→ **Task input**
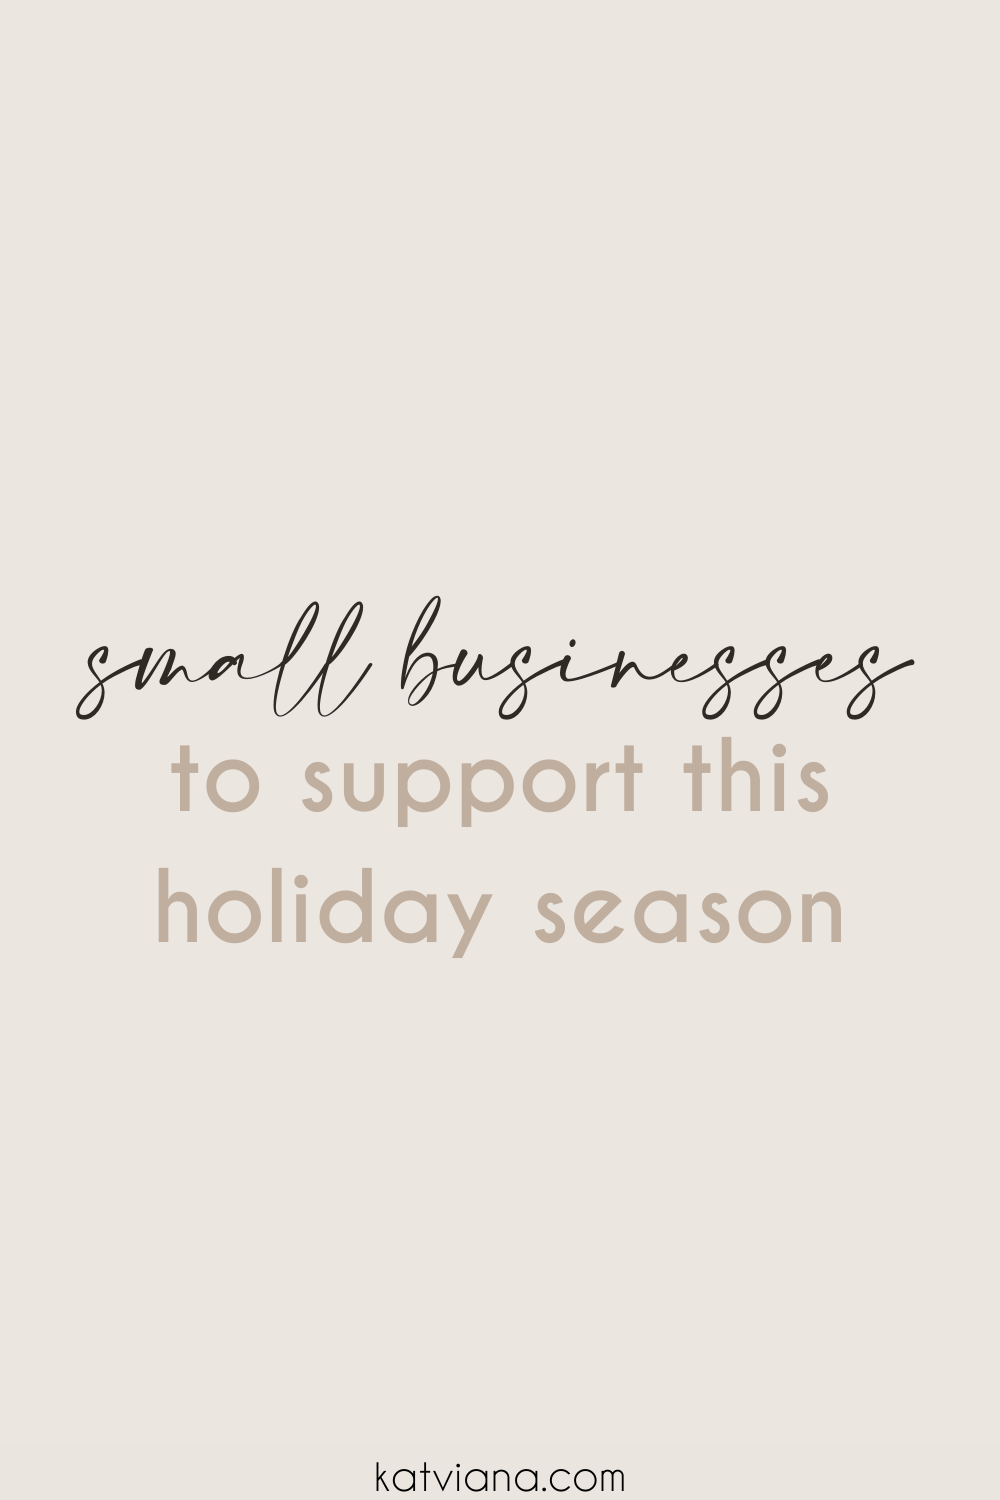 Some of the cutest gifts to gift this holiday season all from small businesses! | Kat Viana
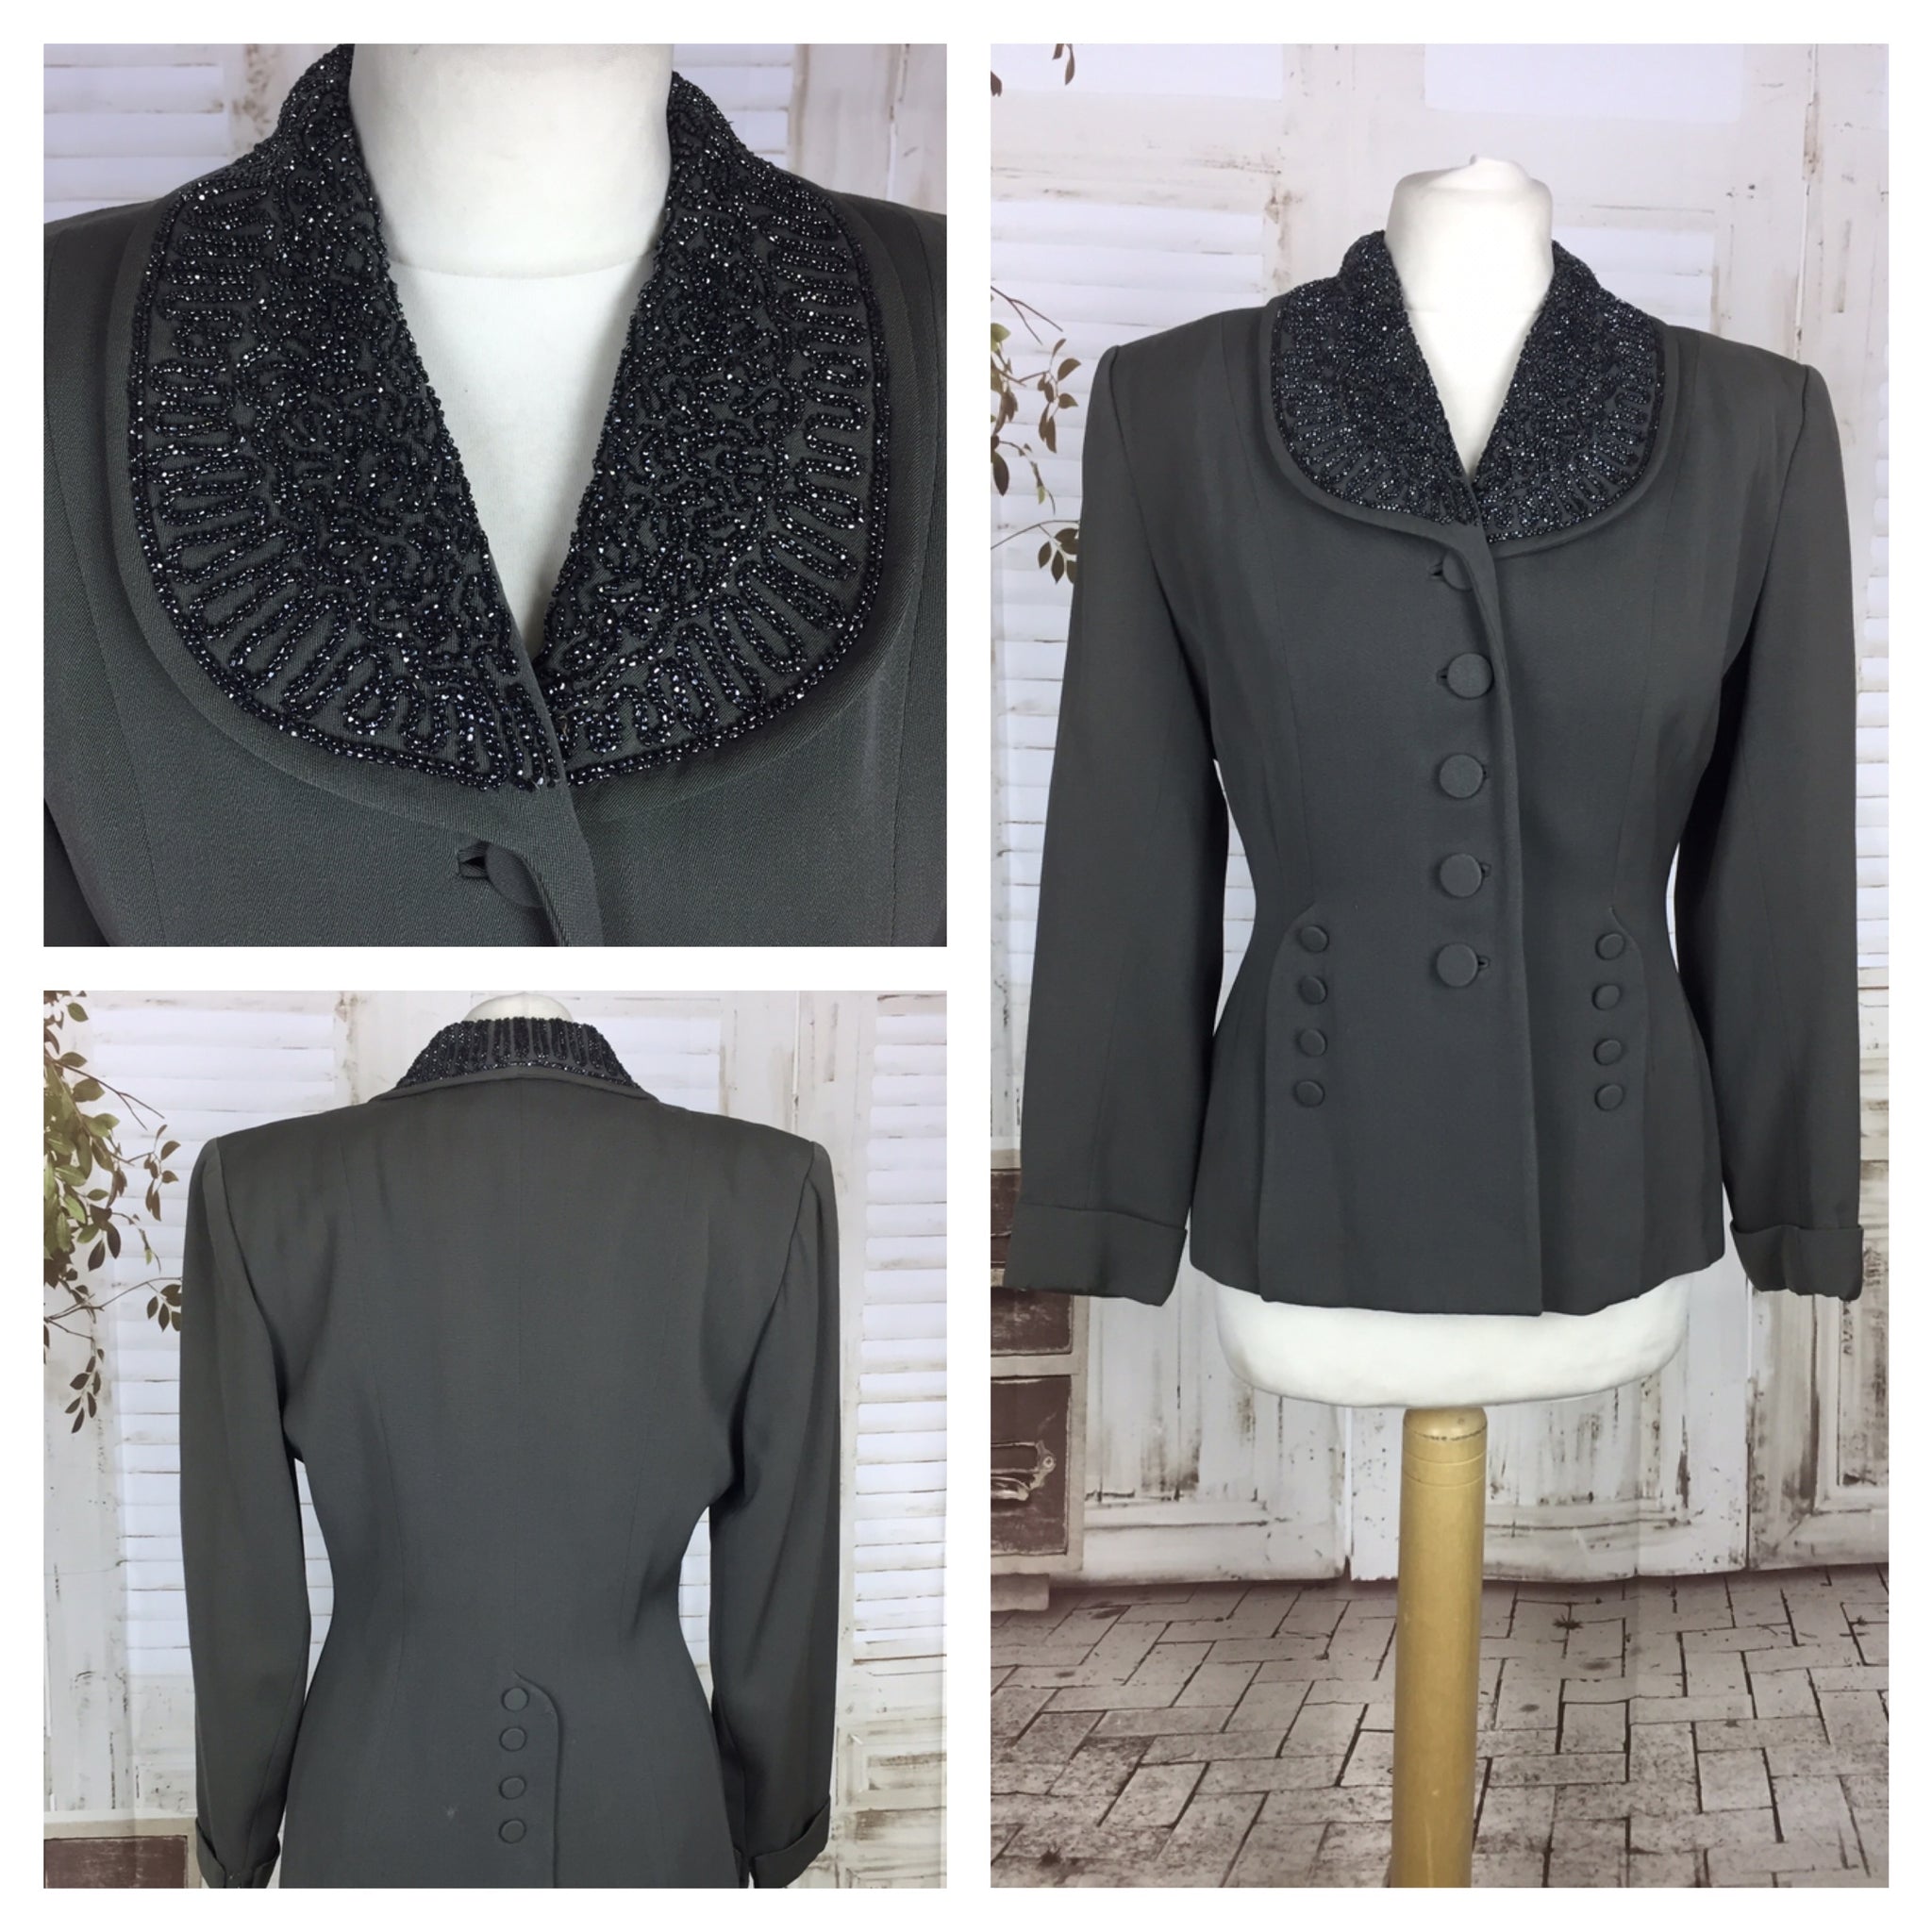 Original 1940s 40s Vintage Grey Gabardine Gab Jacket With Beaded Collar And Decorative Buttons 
* * *
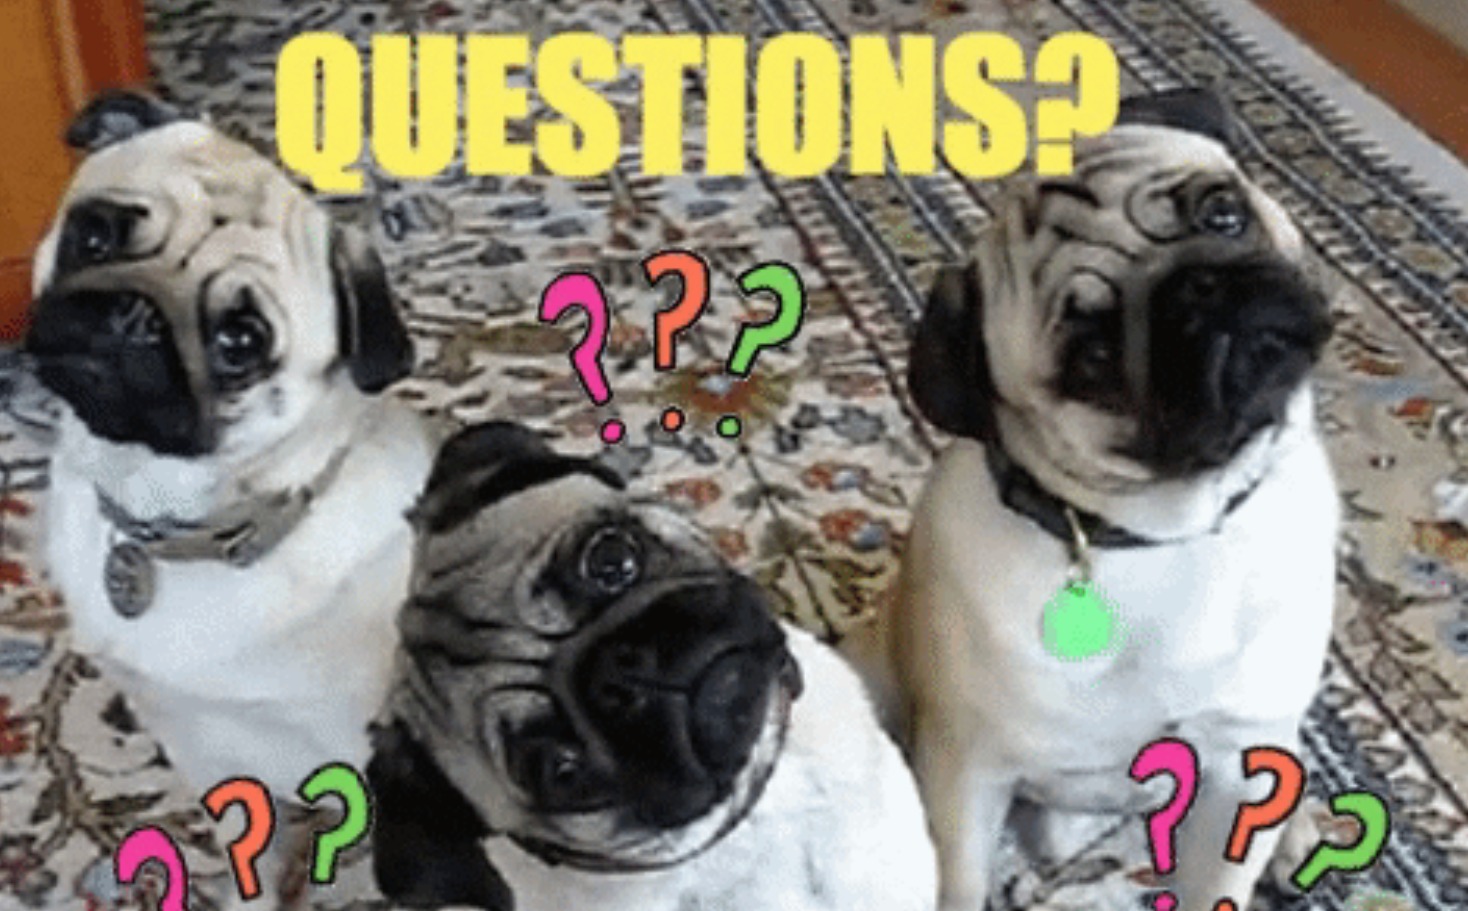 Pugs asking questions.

→ **Problem statement**
Print, exactly and with no pictures, the lines of the listing above starting at the one that has "Some of the" and ending at the one that has "Original 1940s 40s", both included.

→ **Answer area**
 Some of the cutest gifts to gift this holiday season all from small businesses! | Kat Viana
 Original 1940s 40s Vintage Grey Gabardine Gab Jacket With Beaded Collar And Decorative Buttons 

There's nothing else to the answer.